━━━━━ EXERCISE INPUTS ━━━━━

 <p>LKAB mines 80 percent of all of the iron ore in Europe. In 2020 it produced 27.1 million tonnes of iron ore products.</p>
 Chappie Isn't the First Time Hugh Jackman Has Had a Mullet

━━━━━
━━━━━ EXERCISE INPUTS ━━━━━

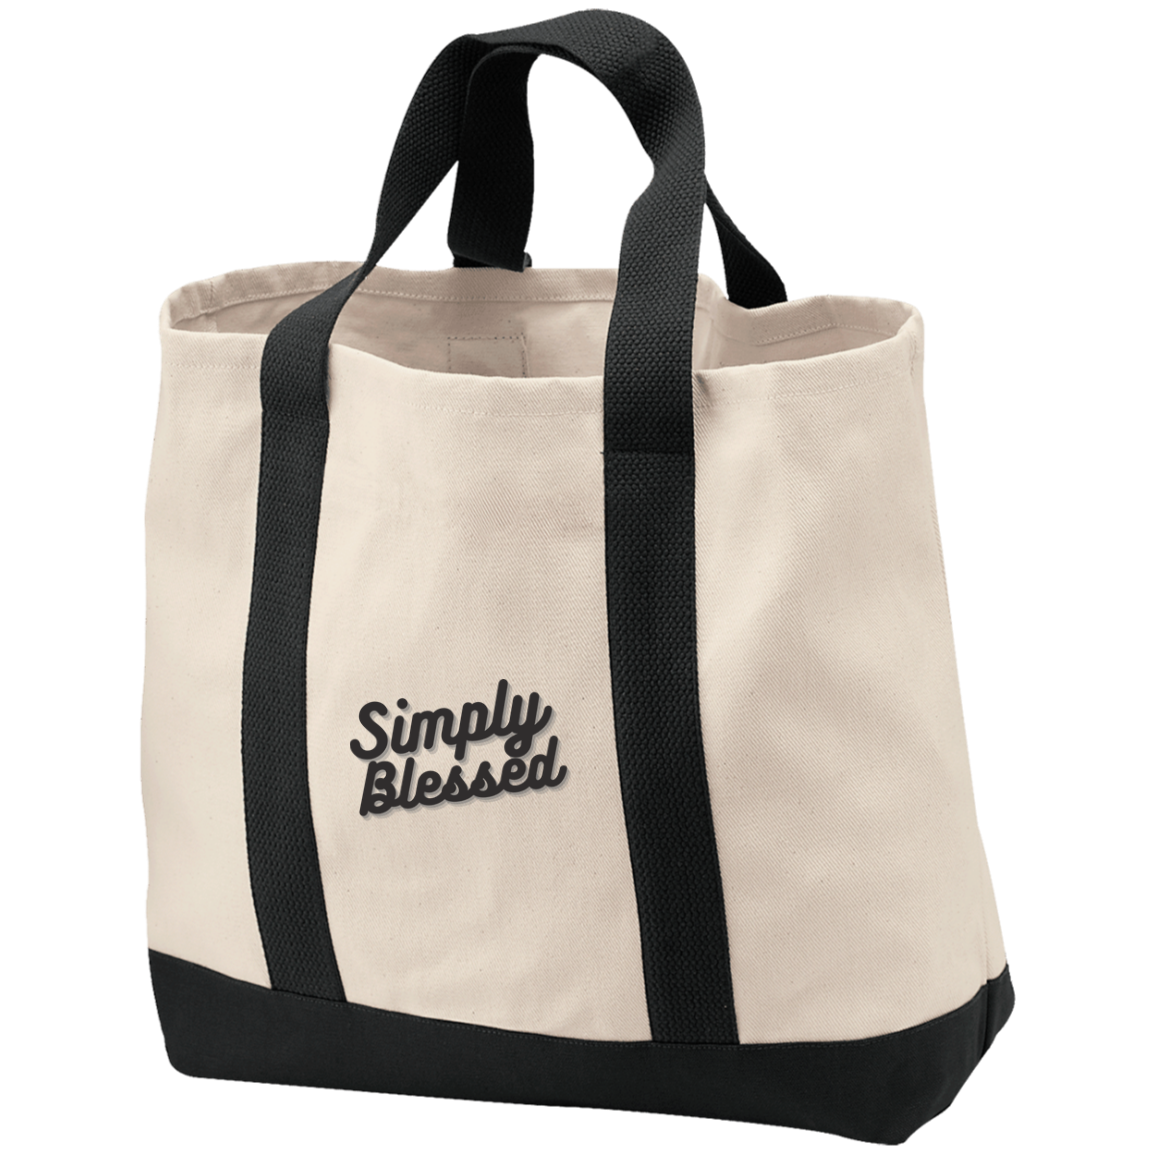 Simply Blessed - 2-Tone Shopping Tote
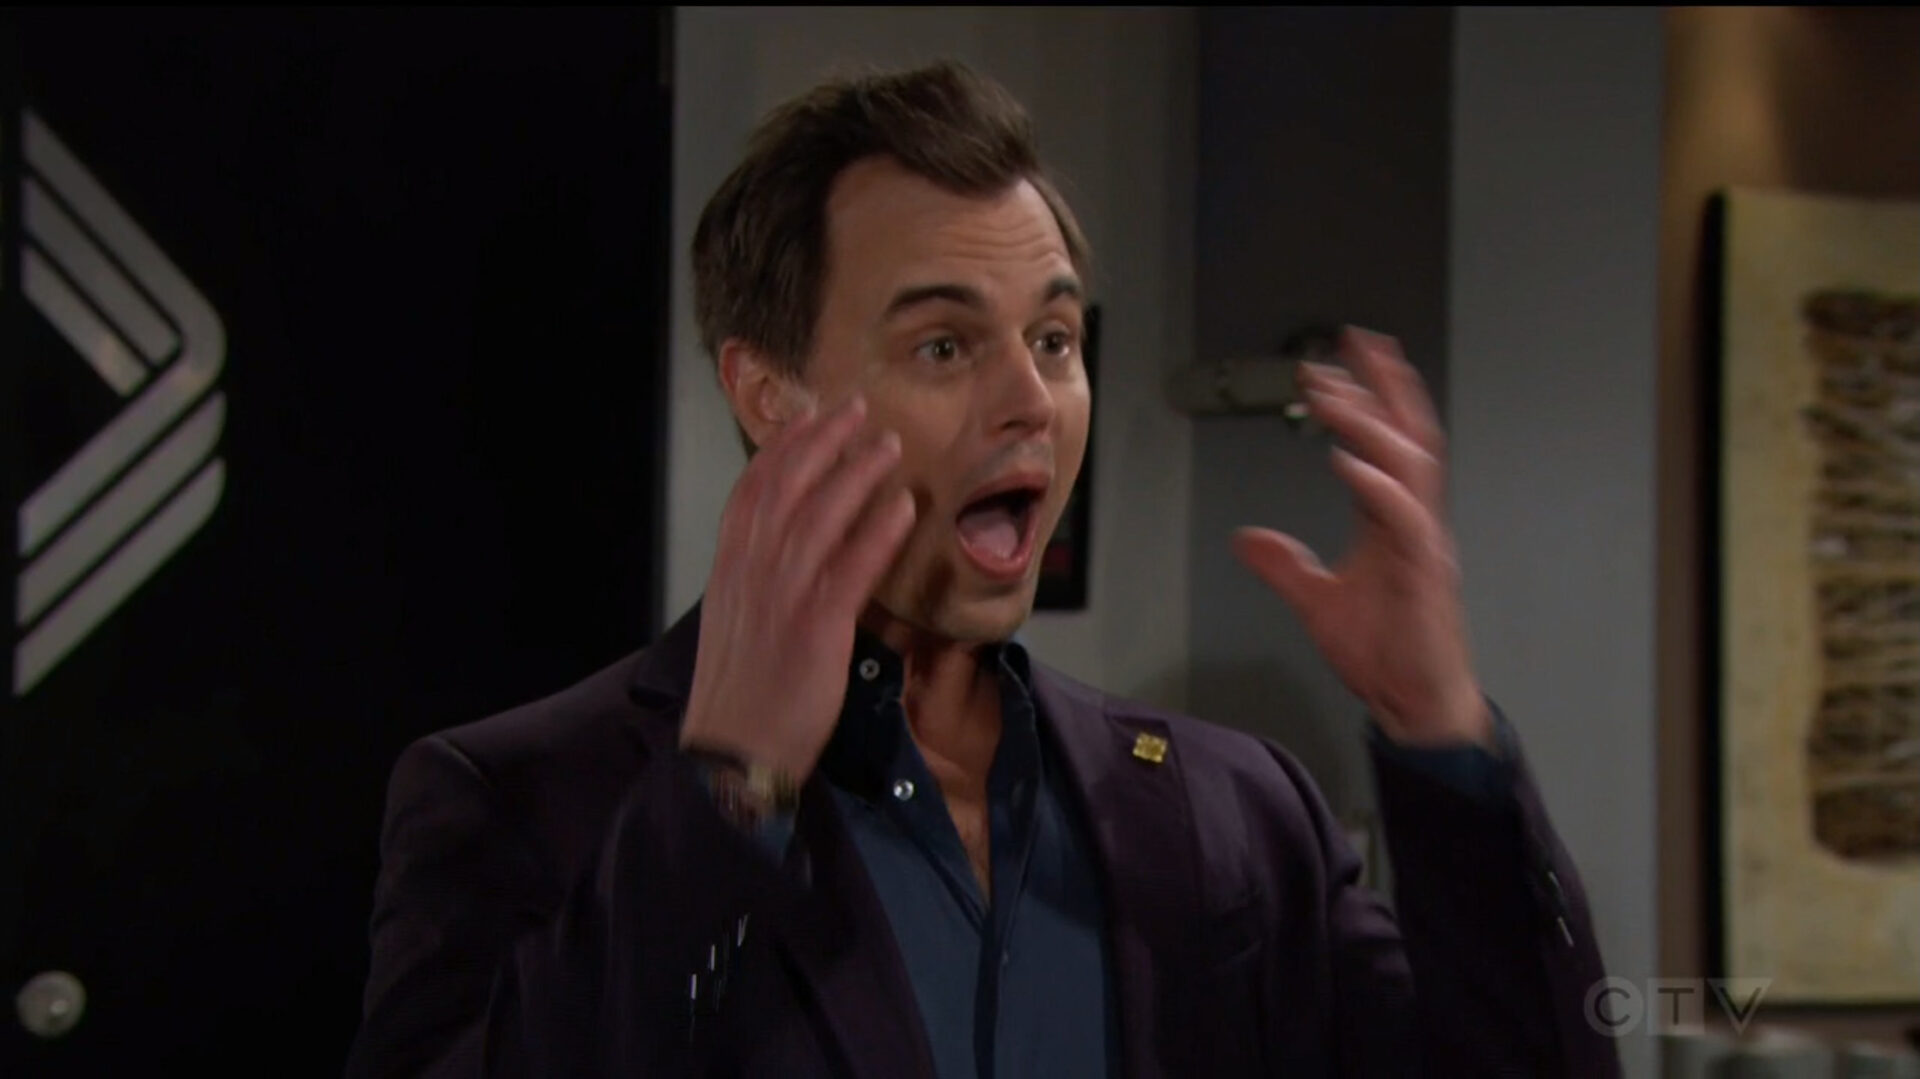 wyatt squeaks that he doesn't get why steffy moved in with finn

━━━━━

In the records above, find the line with "<p>LKAB mines 80"; write out exactly that line and each one after it, stopping after the line with "Chappie Isn't the".

◆ TASK OUTPUT
 <p>LKAB mines 80 percent of all of the iron ore in Europe. In 2020 it produced 27.1 million tonnes of iron ore products.</p>
 Chappie Isn't the First Time Hugh Jackman Has Had a Mullet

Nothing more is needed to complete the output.